[PROVIDED INFORMATION]
= = = = =

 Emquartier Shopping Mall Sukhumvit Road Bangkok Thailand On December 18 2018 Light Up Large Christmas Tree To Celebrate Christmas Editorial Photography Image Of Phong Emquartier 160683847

= = = = =

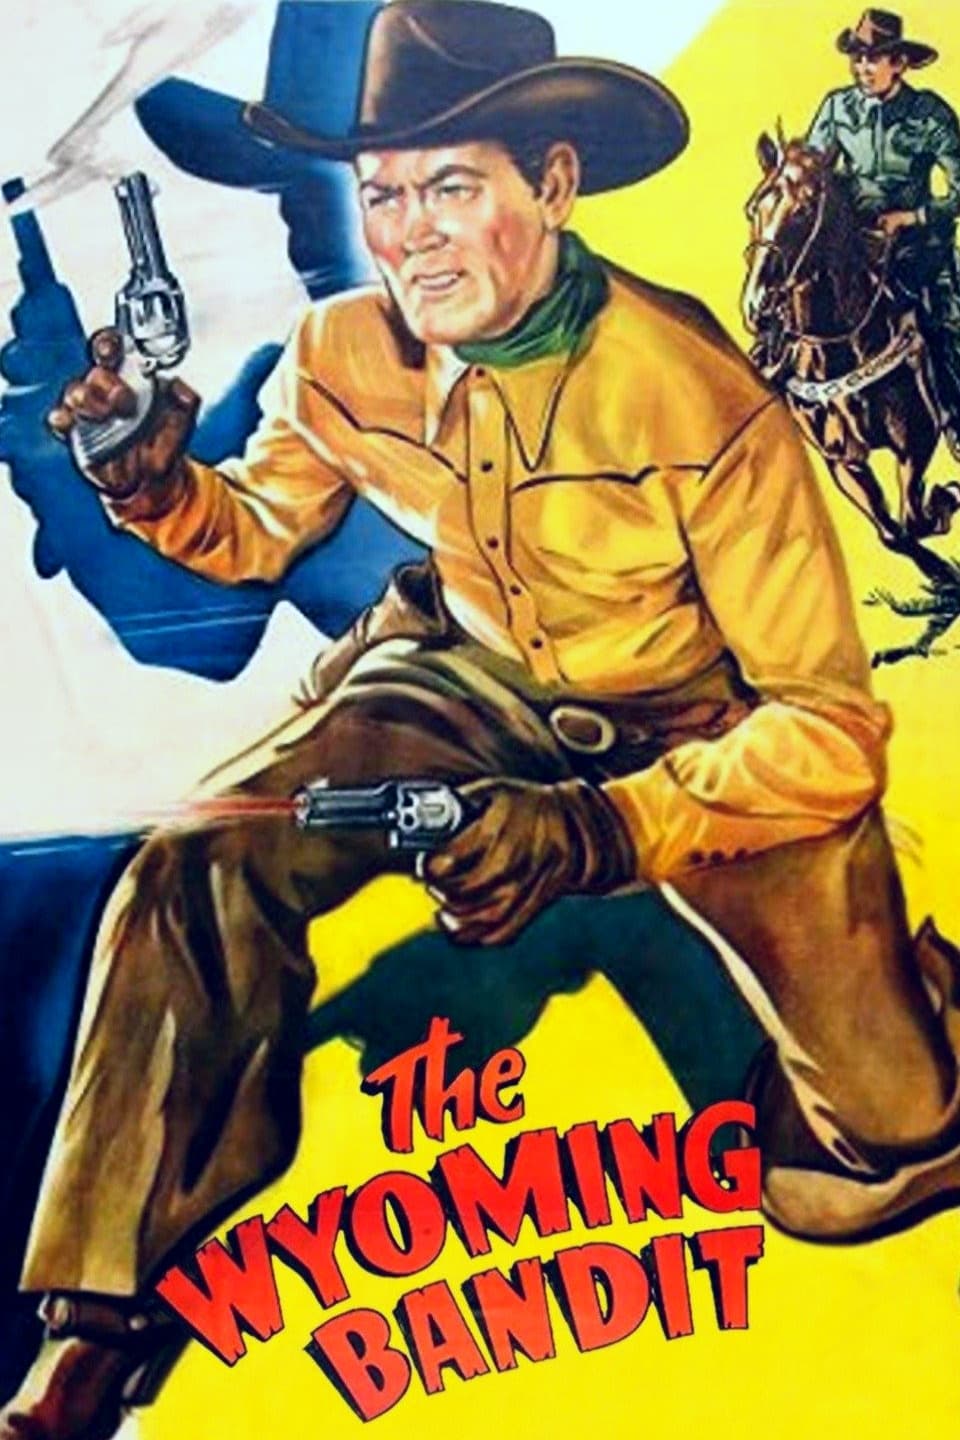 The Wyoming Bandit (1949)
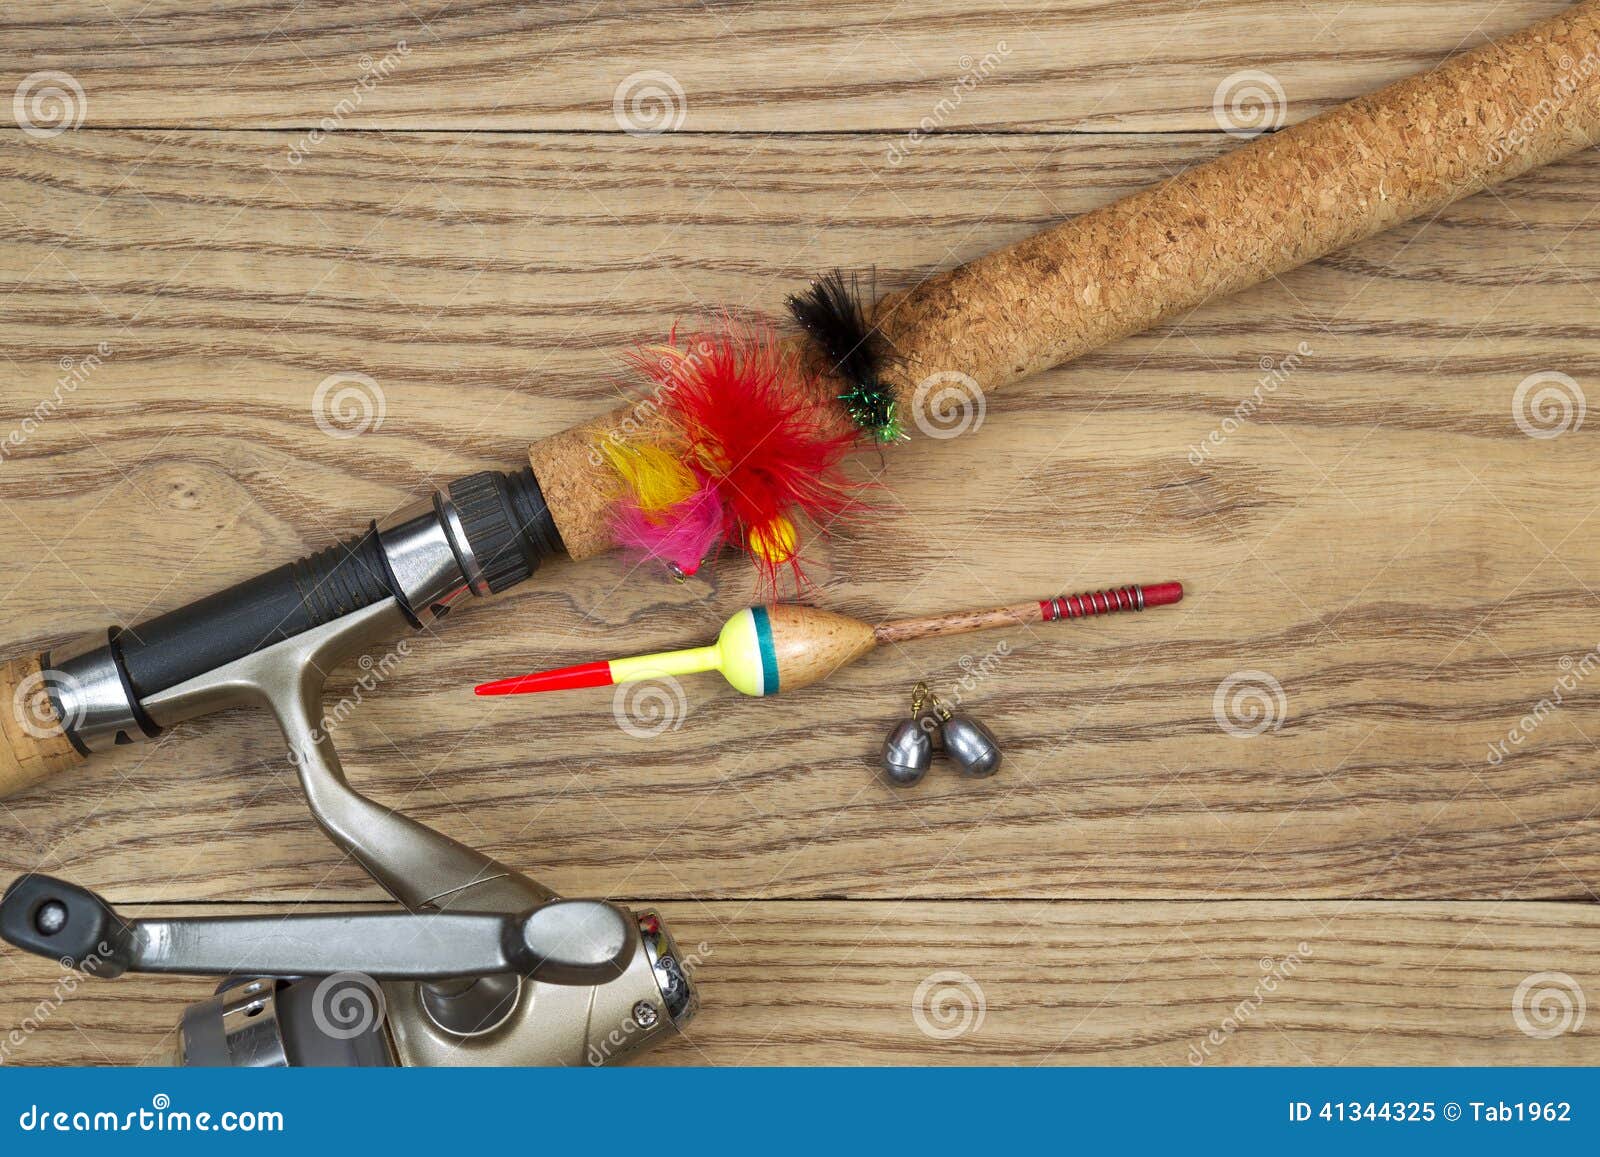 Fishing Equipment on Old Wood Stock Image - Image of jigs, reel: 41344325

= = = = =

[PROBLEM DETAILS] Print exactly, with no pictures, the lines above from the one that holds "The Wyoming Bandit (1949)" through the one that holds "Fishing Equipment on", both of them included.

[OUTPUT OF THE TASK]
 The Wyoming Bandit (1949)
 Fishing Equipment on Old Wood Stock Image - Image of jigs, reel: 41344325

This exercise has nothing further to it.